Every ideal in $K[x]$ is of the form $(p(x))$ for some $p(x) \in K[x]$. But the result is not valid for the ring $K[x_1,...x_n]$.
Comments:
I was able to solve the first case using the division algorithm. But I have difficulty justifying the second part, I know that the ideal $ (x_1, x_2) $ is an ideal that is not generated by $p(x)$.
Hint $ $ If it is a PID then $(x_1,\cdots,x_n) = (a)$ so $\,a\,$ is a common divisor of nonassociate primes $x_i\,$ so $a$ is a unit, so evaluating at all $\,x_i = 0\,$ implies $\,0\,$ is a unit in the field $K,$ contradiction.
Remark $ $ More conceptually, it is easy to show that PIDs have dimension $\le 1,\,$ i.e. nonzero prime ideals are maximal, but here we have $\,(0)\subsetneq (x_1) \subsetneq (x_1, x_2)\subsetneq (1)$ hence the nonzero prime $(x_1)$ is not maximal, so the ring is not a PID. In fact PIDs are precisely the UFDs of dimension $\le1.$
More generally:
If $R[X]$ is a PID, then $R$ is a field.
Indeed:
Take $a\in R$ with $a\ne0$. Consider the ideal $I=(a,X)$. Then $I=(f)$ for some $f$. Now, $a=fg$ implies that $f$ is a constant. Finally, $X=fh$ implies that $f$ is a unit.
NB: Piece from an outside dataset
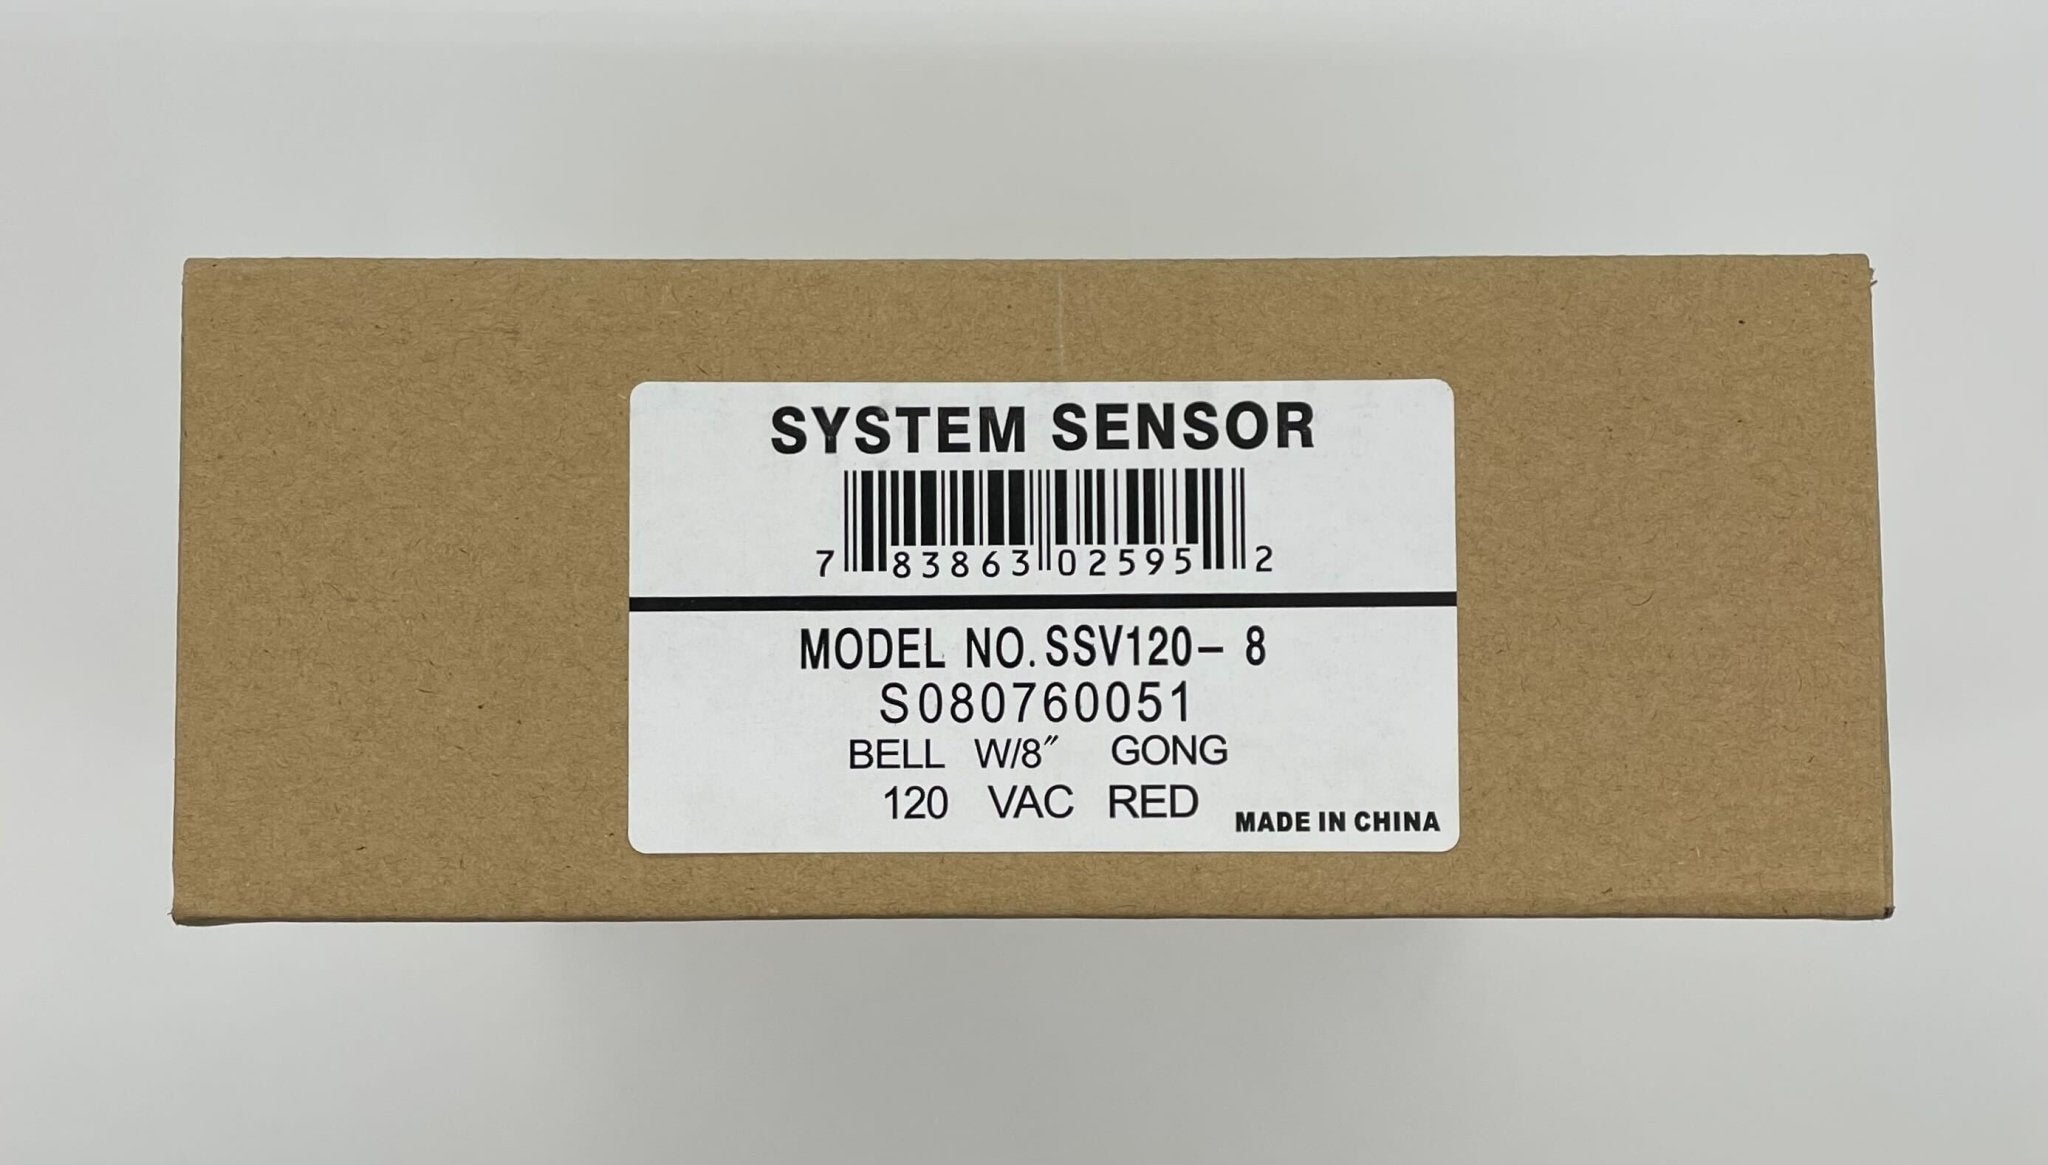 System Sensor SSV120-8 - The Fire Alarm Supplier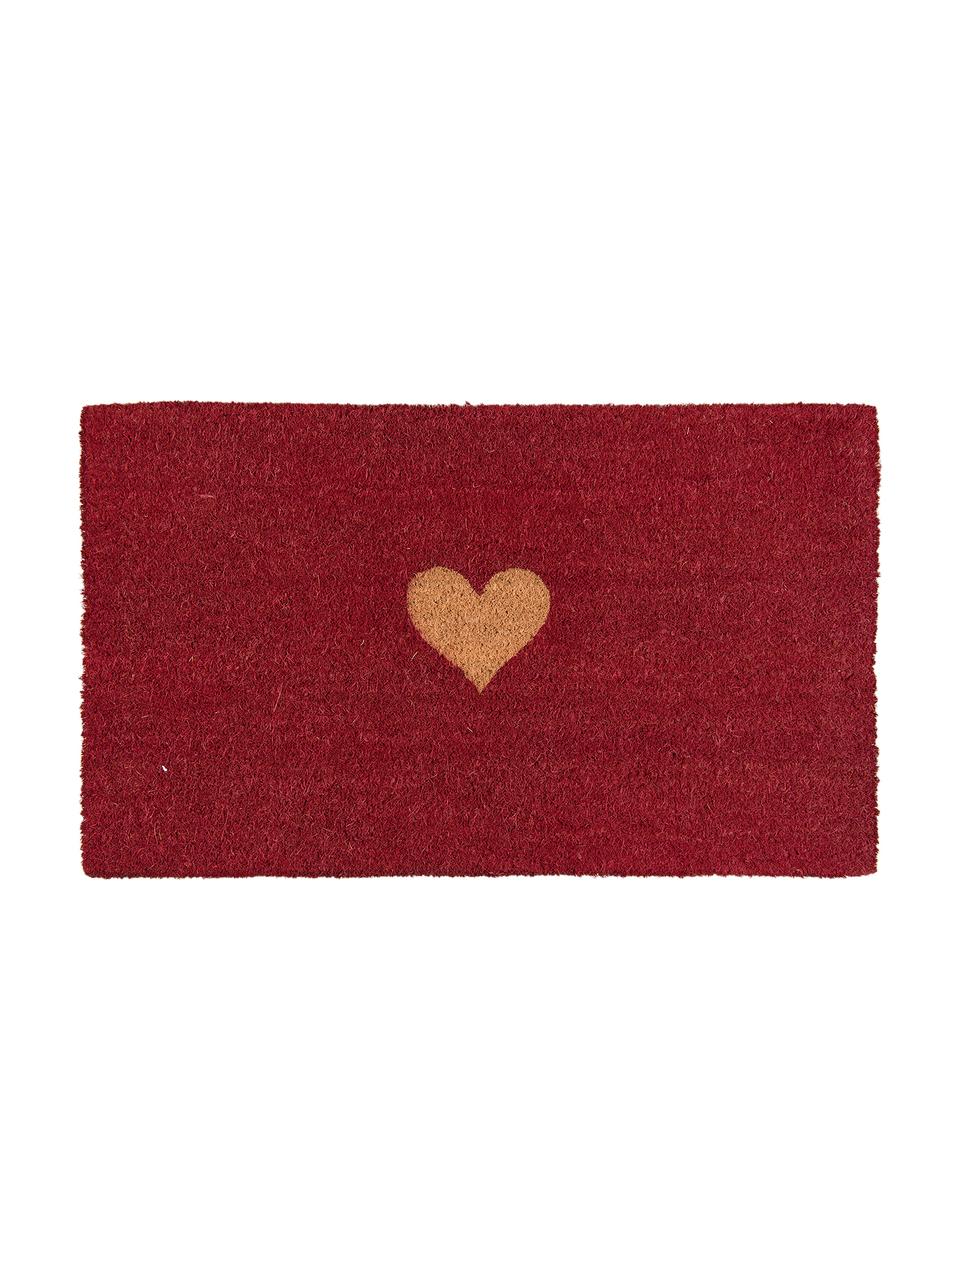 Deurmat Heart, Bovenzijde: kokosvezels, Onderzijde: PVC, Rood, bruin, B 45 x L 75 cm

Thus, $I=R[X]$. Write $1=ap+Xq$ and evaluate at $X=0$. You get $1=ap(0)$, which implies that $a$ is a unit.
Apply this result to $R=K[x_2,\dots, x_n]$, which is not a field, to conclude that $K[x_1,x_2,\dots, x_n]=K[x_2,\dots, x_n][x_1]$ is not a PID.
Let $x,y \in K[x,y]$ such that $gdc(x,y)=1$, i.e. there are $p(x,y),q(x,y) \in K[x,y]$ with $1=xp(x,y)+yq(x,y)$, left of this relation there is a polynomial with term known $1$, and right there is a polynomial with term known $0$, but
$$(x,y)= \left \{ xp(x,y)+yq(x,y) : p,q \in K[x,y] \right \}=\left \{ f(x,y) : f(0,0)=0 \right \}$$
and $(x,y)$ can not be principal.